Pada tahun 1938, Wirth mempublikasikan jurnal Urbanism As a Way of Live yang mengemukakan proposisi sosiologi terkait karakteristik kehidupan perkotaan yang dapat ditinjau melalui hubungan antara angka populasi, kepadatan pemukiman, dan heterogenitas penduduk.
Keterhubungan antara ketiga karakteristik kehidupan perkotaan melahirkan perspektif sosiologi, meliputi: 1) Struktur fisik, 2) Struktur sosial, dan 3) Seperangkat perilaku kolektif.
Pada dasarnya, perspektif sosiologi perkotaan dipengaruhi oleh variabel intervening, yaitu manusia. Kedudukan manusia sebagai makhluk sosial tidak dapat dilepaskan dari pengaruh individu lain dan lingkungan sekitar.
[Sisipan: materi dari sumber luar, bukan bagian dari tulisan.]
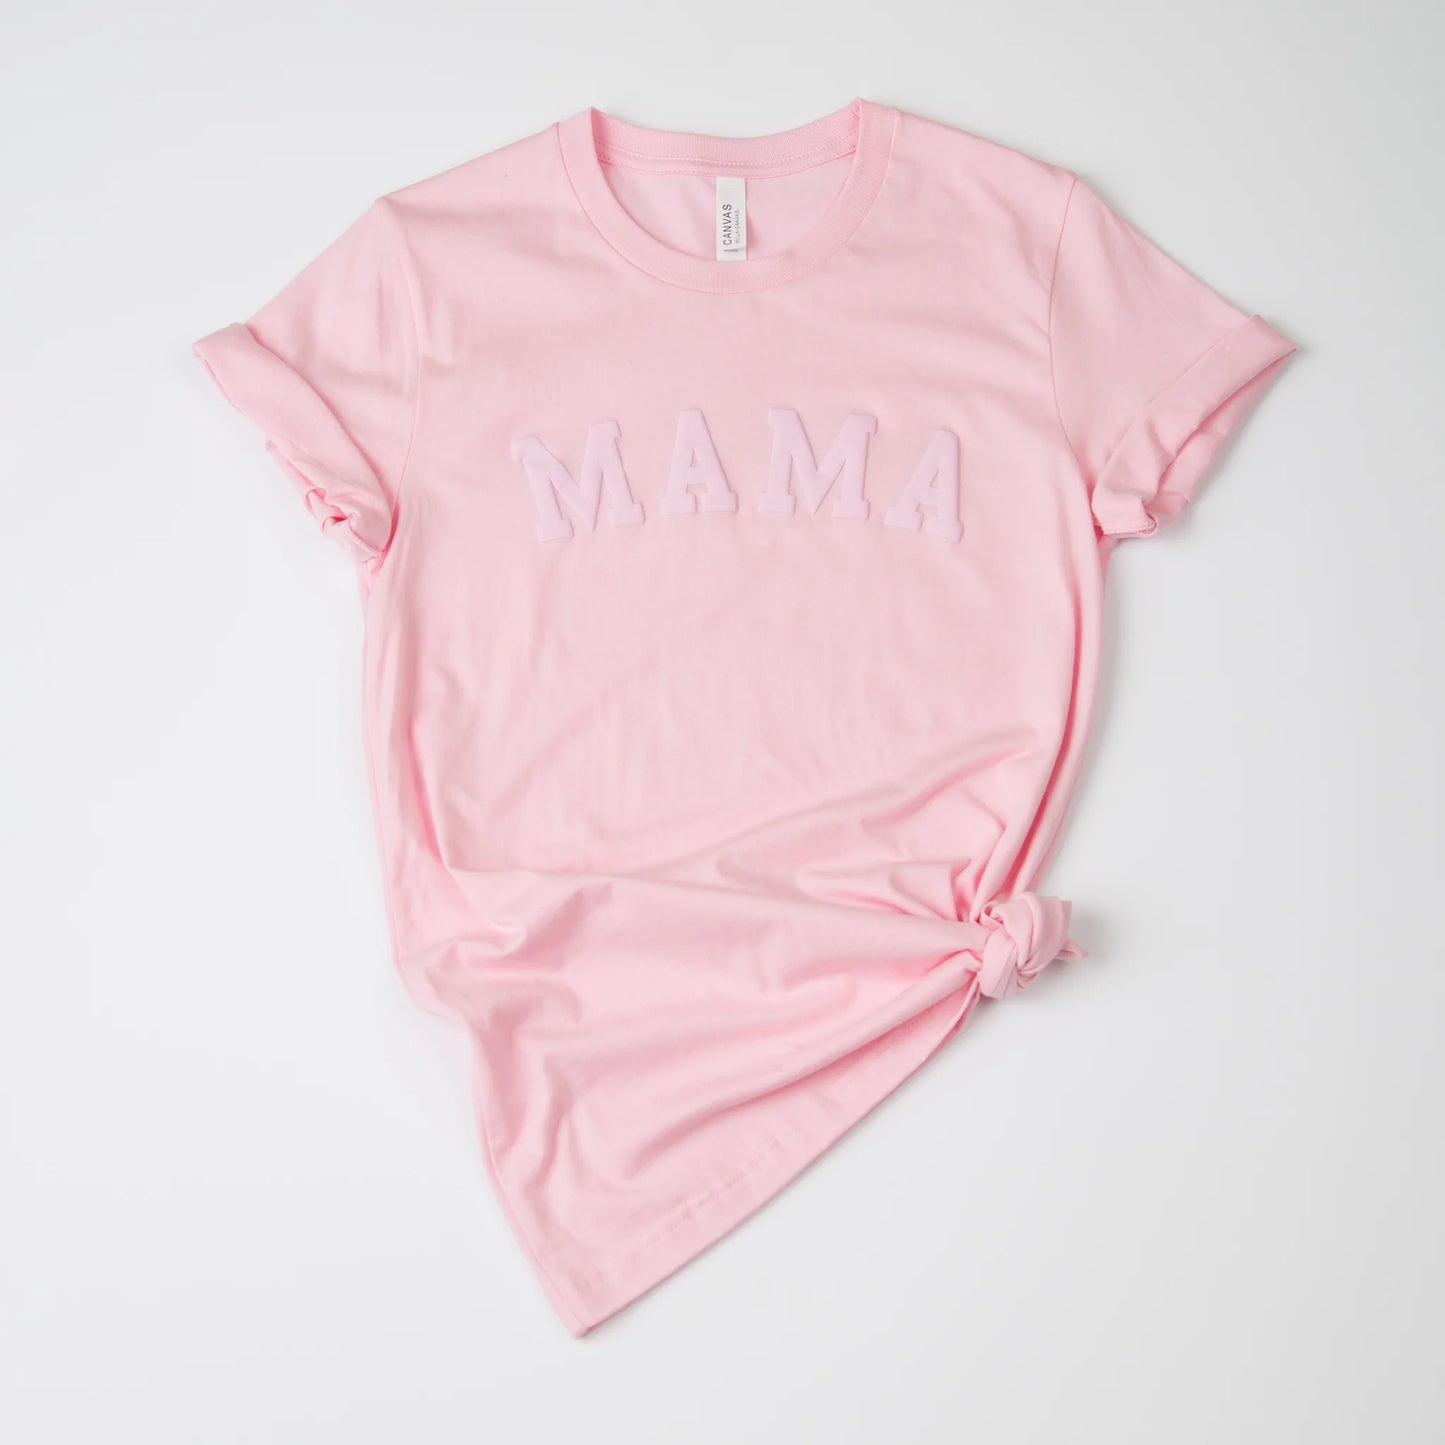 Puff Mama Bold Women's Graphic Tee, Pink

Secara psikis, manusia memiliki kehendak atau dorongan untuk mewujudkan interaksi sosial. Dorongan untuk mencapai bentuk interaksi antar individu berkaitan dengan salah satu hierarki kebutuhan manusia yang pernah disinggung oleh Maslow pada tahun 1943, yaitu kebutuhan keterlibatan sosial yang menempati posisi hierarki ketiga.
Kebutuhan manusia akan keterlibatan sosial dalam lingkup perkotaan biasanya dimulai dari pemukiman atau lingkungan hunian.
Hal ini dikarenakan pemukiman bertindak sebagai medium pembentukan pribadi dan budaya suatu kelompok atau komunitas yang mencerminkan masyarakatnya secara menyeluruh (Silas, 1993), sehingga manusia sebagai makhluk yang membutuhkan sense of belonging akan menginisiasikan suatu interaksi yang merupakan cikal bakal dari hubungan sosial.
Lebih dari itu, pemukiman juga bertindak sebagai sistem yang mempertimbangkan keseimbangan akan ekosistem dan sistem sosial dalam lingkungan hidup manusia yang bersifat saling ketergantungan.
Hal yang dianggap penting dalam memahami urbanisme dari segi sosiologi adalah melalui kekhasan gaya hidup suatu kelompok yang ditinjau melalui perilaku para individu di dalamnya.
Faktor-faktor yang memengaruhi perilaku para individu secara kolektif diperlukan untuk mengemukakan perbedaan dalam hal mengukur tiga fungsi perspektif sosiologi perkotaan, yakni struktur fisik, struktur sosial dan seperangkat perilaku.